Herald is the reference implementation built on top of it — a self-hostable AI assistant with a web UI, Discord bot, cron scheduling, memory persistence, and multi-agent delegation. It's what orra looks like when you actually ship something.
The Problems Orra Is Actually Solving
The orra README opens with three questions that most libraries dodge entirely:
"How do I run this for multiple users without their conversations bleeding into each other? How do I control which tools each user can access? How do I keep context from blowing past the token limit?"
These aren't exotic edge cases. They're the first three walls you hit when you try to put an AI agent in front of real users. The fact that they're the stated design motivation is the most honest thing about the project.

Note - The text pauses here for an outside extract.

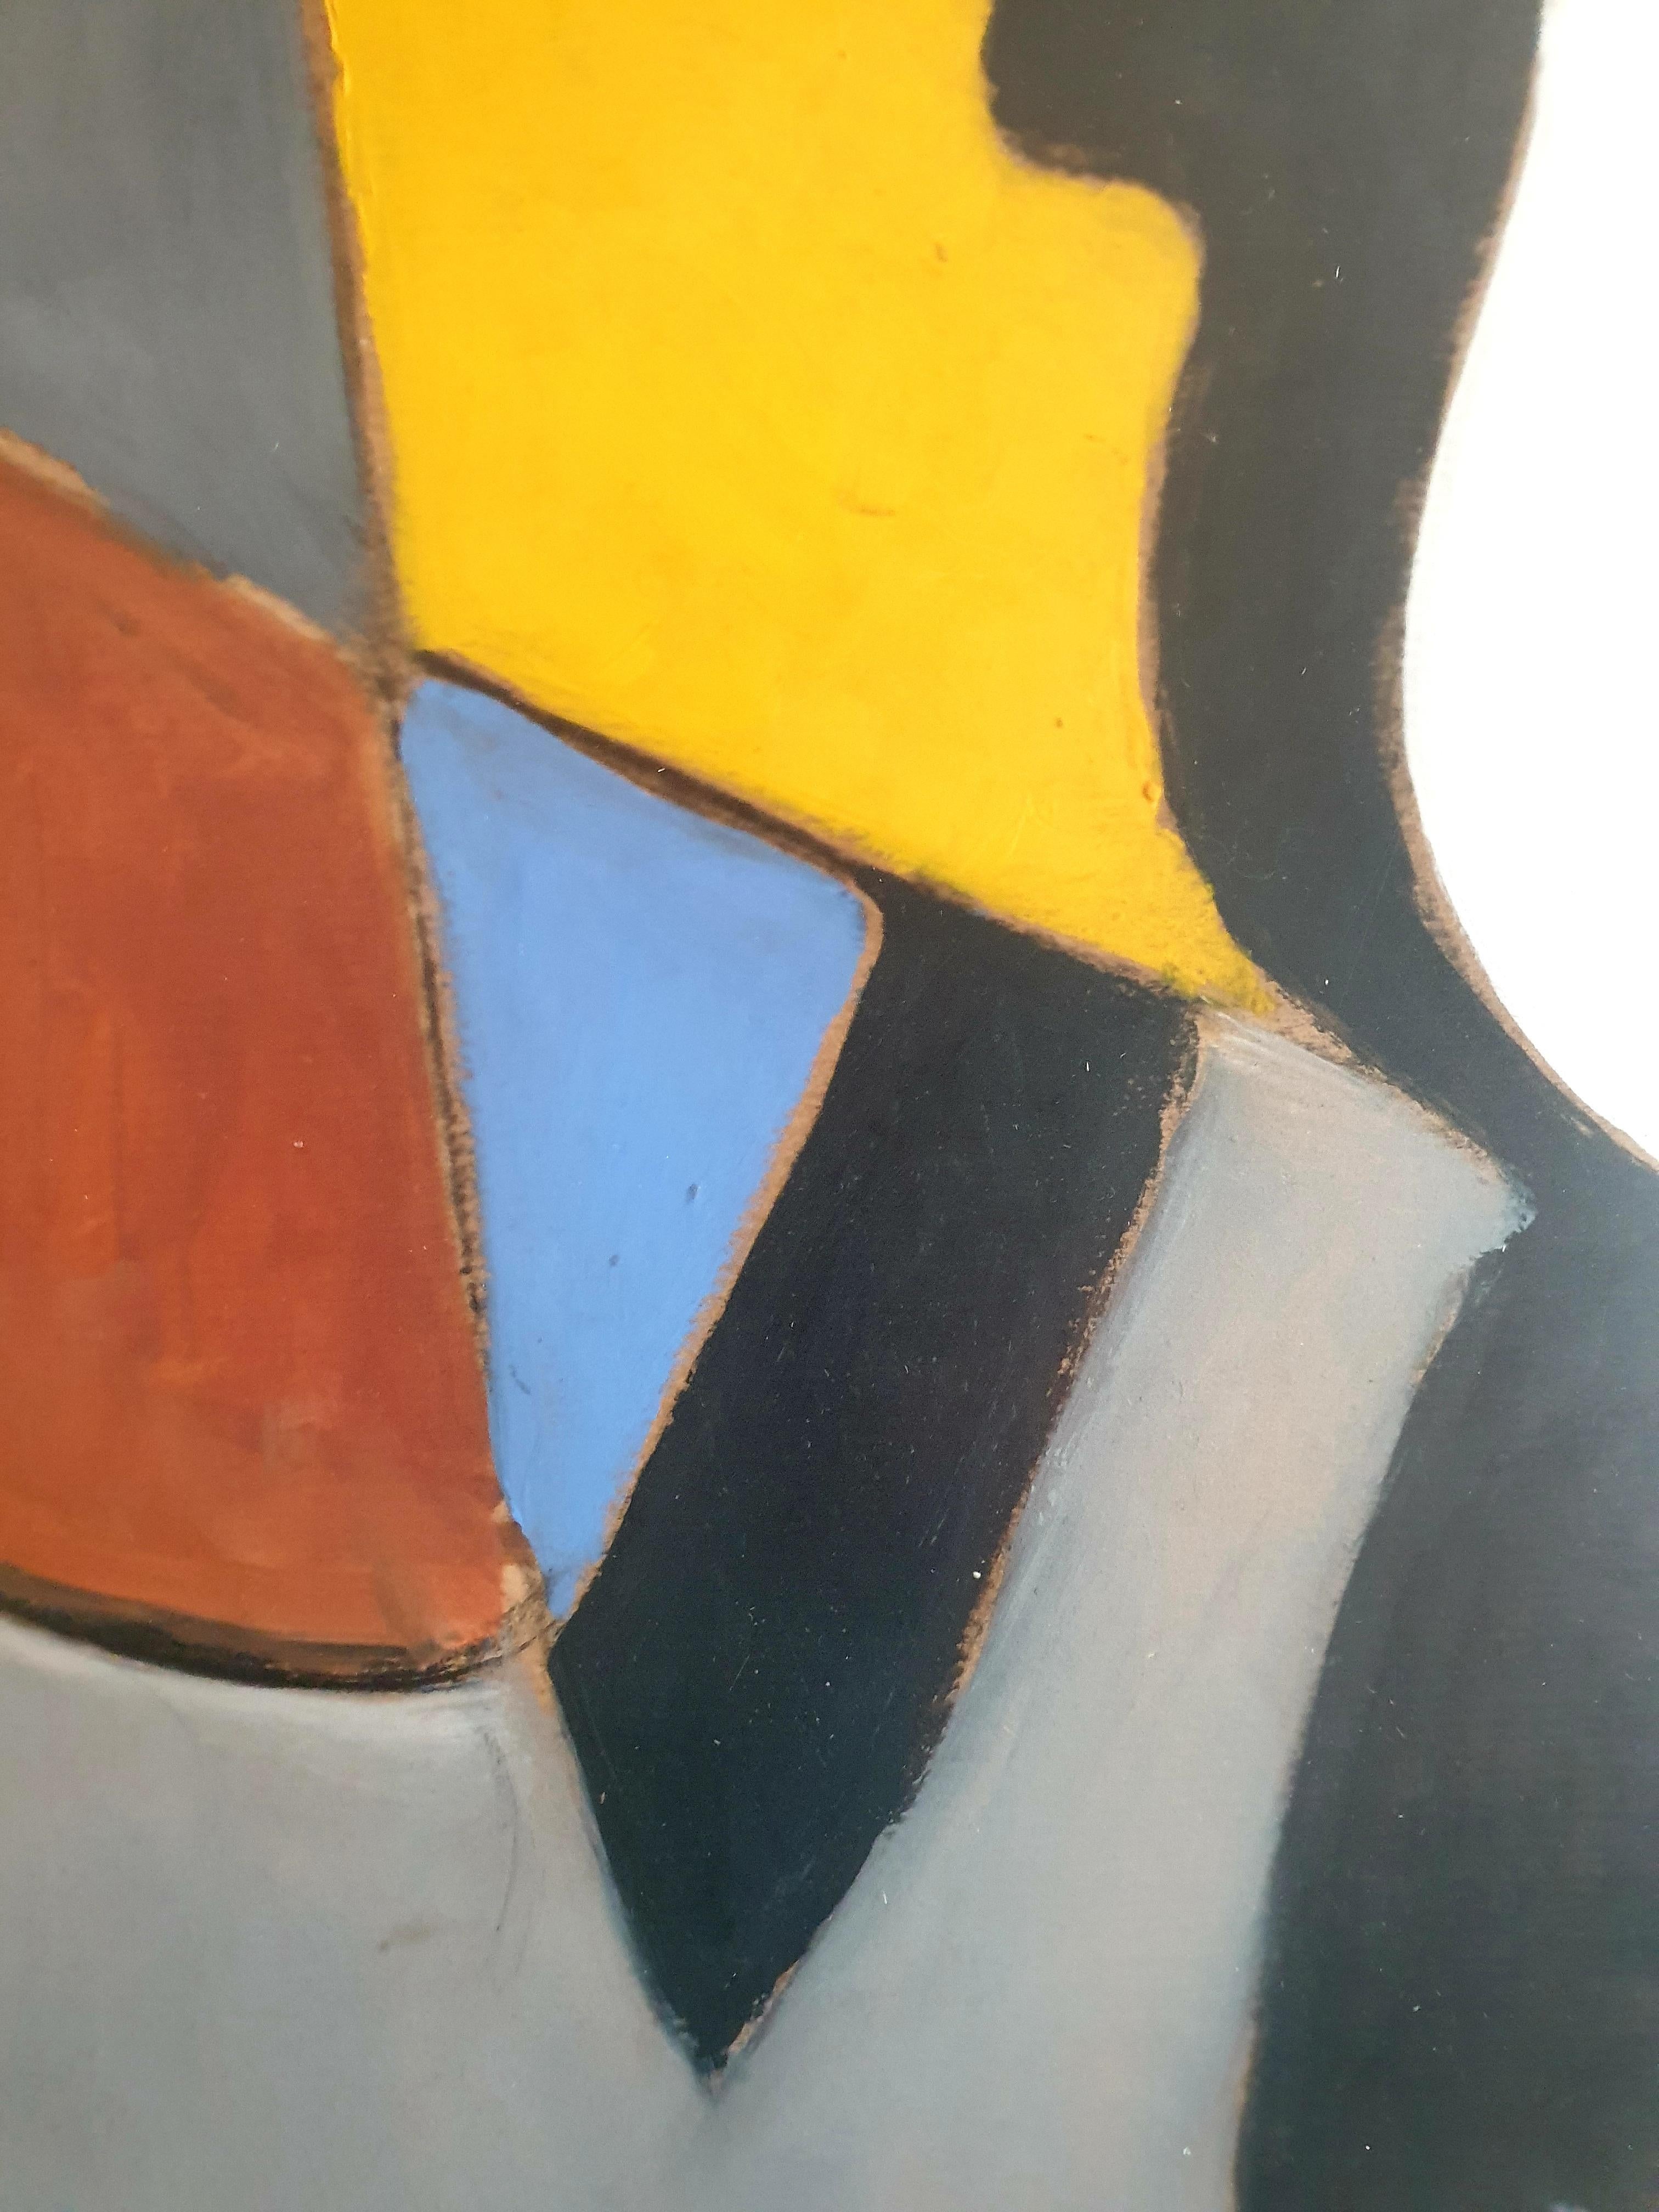 Große abstrakte Tachiste in Acryl auf Papier, inspiriert von den Gemälden von Serge Poliakoff. Das Gemälde befindet sich in einem schlichten, geformten Rahmen unter Plexiglas.

Ein sehr farbenfrohes und energiegeladenes abstraktes Gemälde im Stil

Namespaced Sessions: Isolation Done Right
Orra's session model uses a hierarchical namespace system. Every conversation lives under
a path like tenant:acme:user:bob. Sessions are fully isolated. Policies
cascade from parent namespaces — so you can configure tool access at the organization
level and have it apply automatically to every user under that org.
This is a clean solution to a genuinely annoying problem. Most frameworks treat the session
store as an afterthought — a key-value map you thread through yourself. Orra makes it a
first-class structural primitive. The Namespace type expresses your tenant
hierarchy directly:
let ns = Namespace::new("tenant").child("acme").child("user").child("bob");
let result = runtime.run(&ns, Message::user("Hello!")).await?;
Access control at the namespace level means you can express "org A gets web search, org B doesn't" in the same place you express the hierarchy — not in a separate ACL table bolted on later.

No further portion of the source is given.